The G network is structured similarly to an auto-encoder (Fig. 2). In the encoding stage, the input signal is projected and compressed through a number of strided convolutional layers followed by parametric rectified linear units (PReLUs) [23], getting a convolution result out of every N steps of the filter. We choose strided convolutions as they were shown to be more stable for GAN training than other pooling approaches [22]. Decimation is done until we get a condensed representation, called the thought vector c, which gets concatenated with the latent vector z. The encoding process is reversed in the decoding stage by means of fractional-strided transposed convolutions (sometimes called deconvolutions), followed again by PReLUs.

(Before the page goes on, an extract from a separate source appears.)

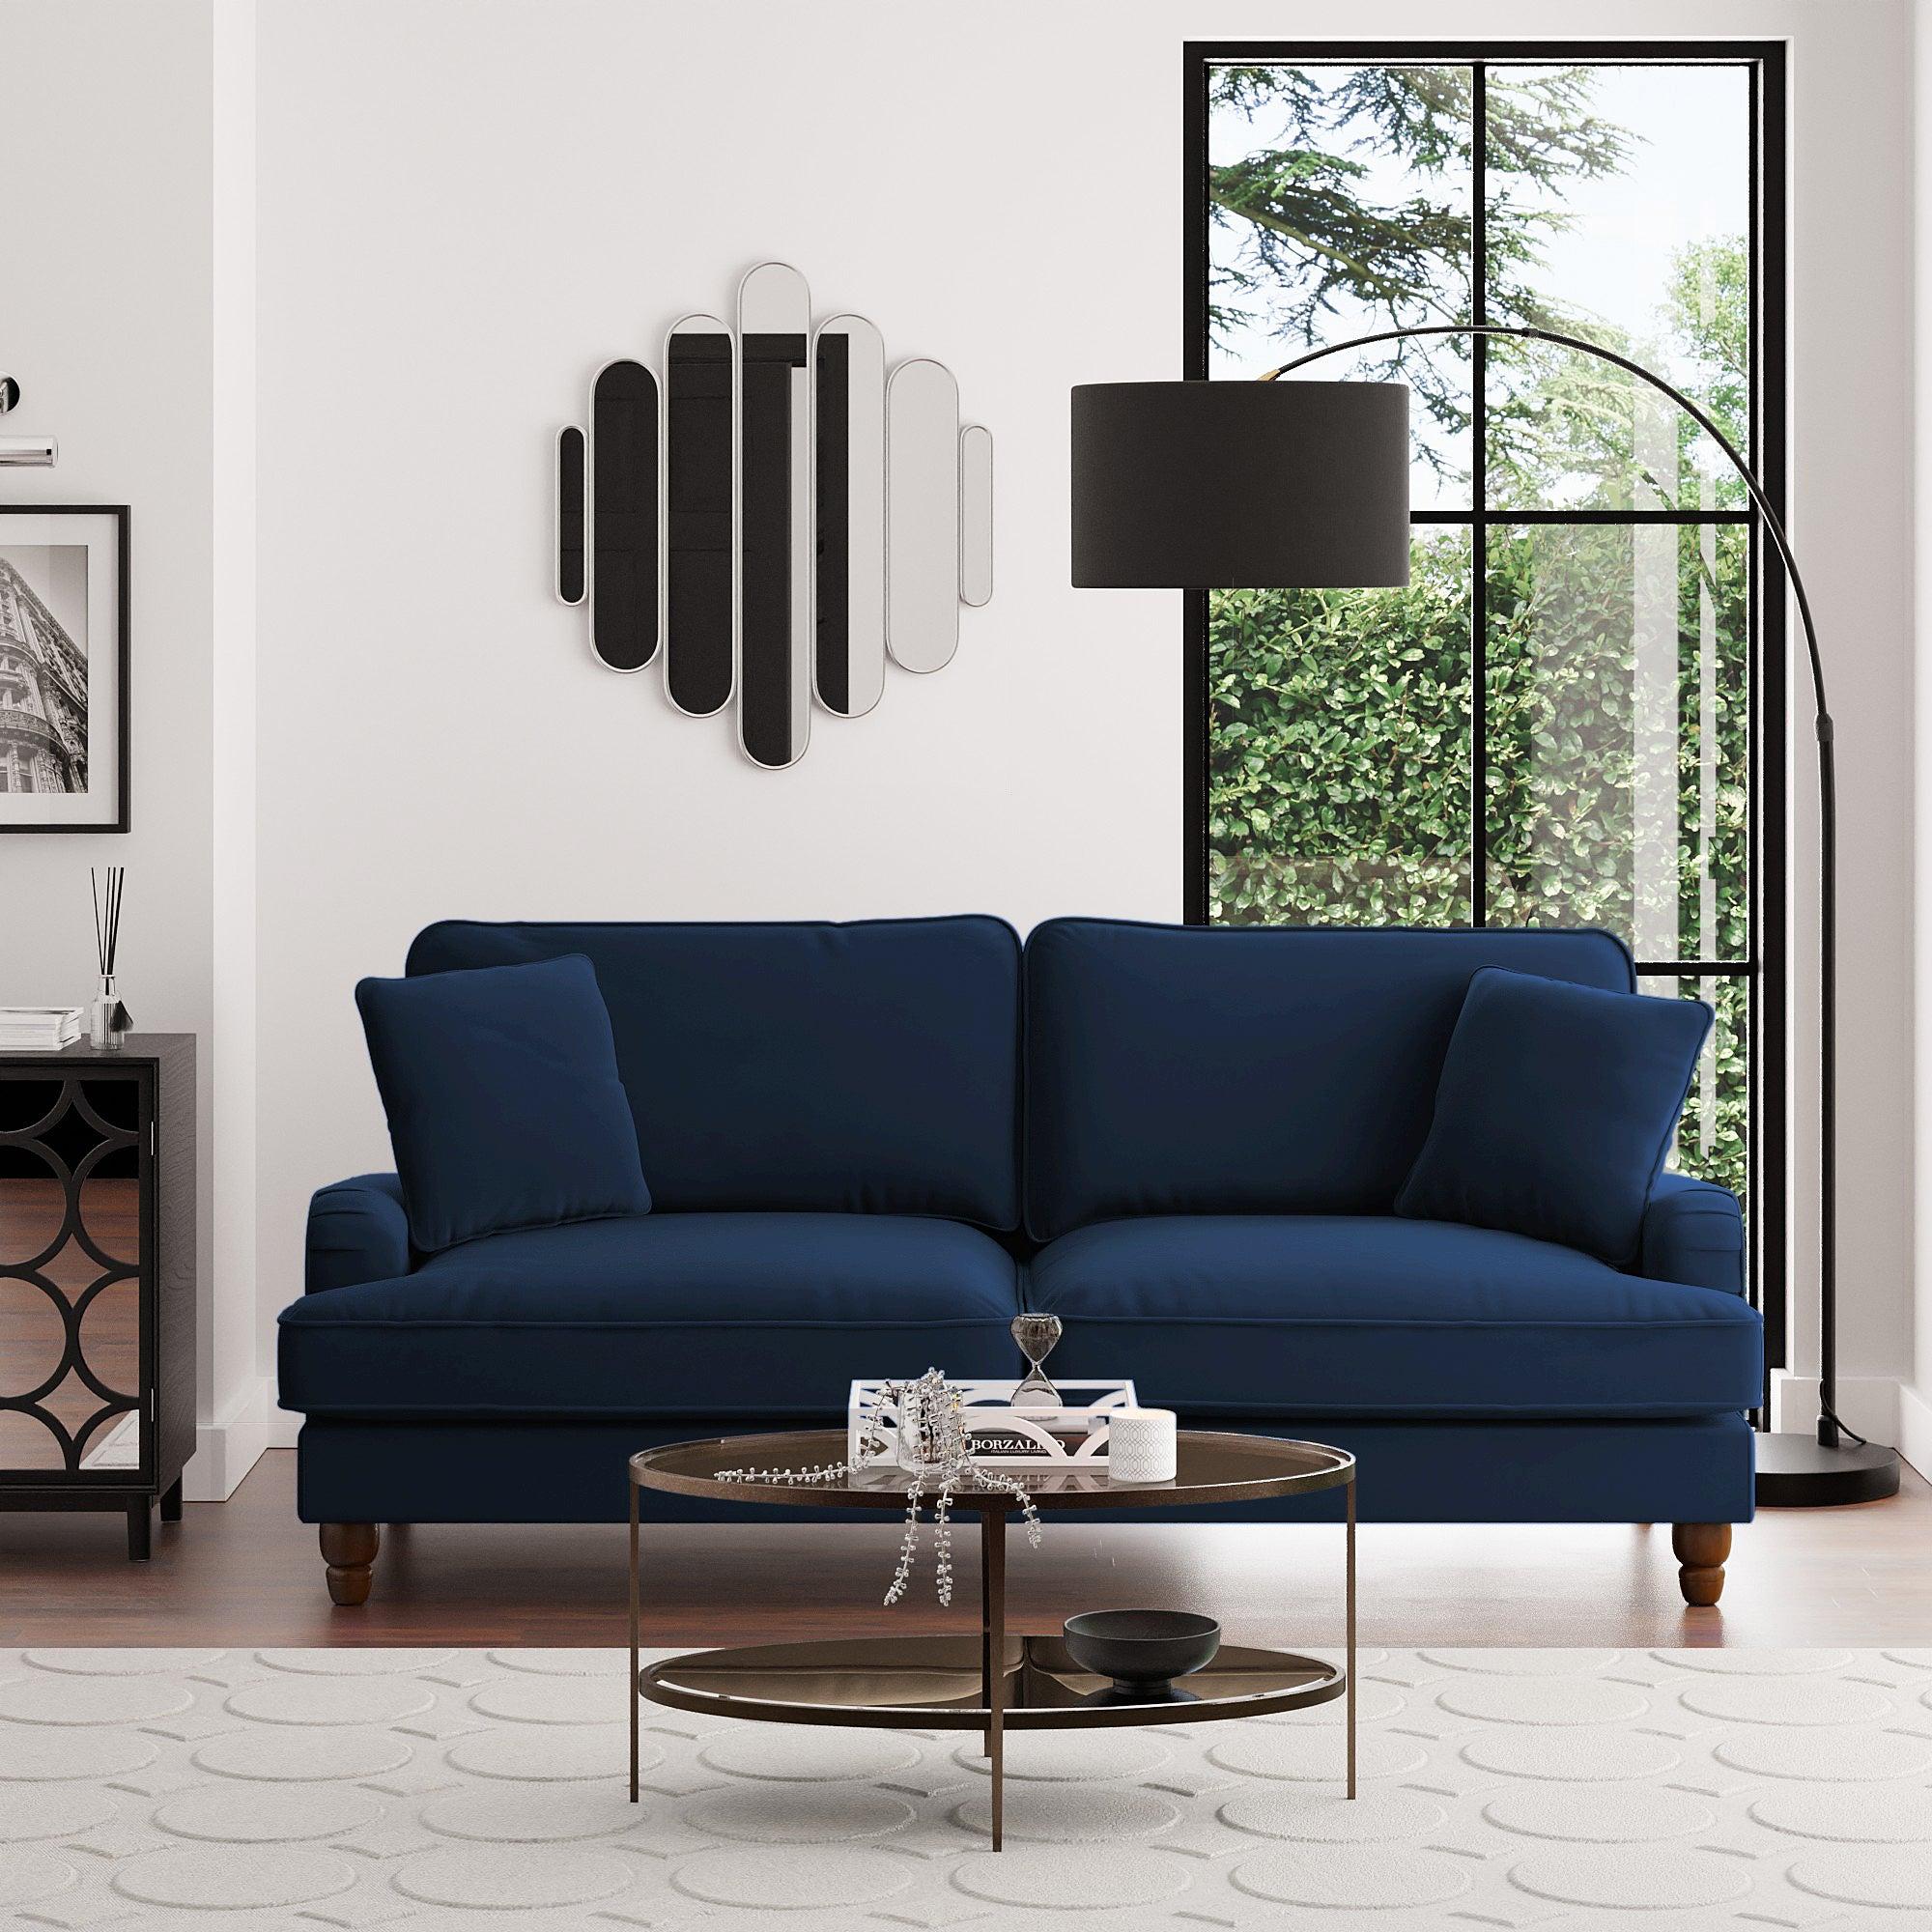 Beatrice Velvet 4 Seater Sofa Navy

The G network also features skip connections, connecting each encoding layer to its homologous decoding layer, and bypassing the compression performed in the middle of the model (Fig. 2). This is done because the input and output of the model share the same underlying structure, which is that of natural speech. Therefore, many low level details could be lost to reconstruct the speech waveform properly if we force all information to flow through the compression bottleneck. Skip connections directly pass the fine-grained information of the waveform to the decoding stage (e.g., phase, alignment). In addition, they offer a better training behavior, as the gradients can flow deeper through the whole structure [24].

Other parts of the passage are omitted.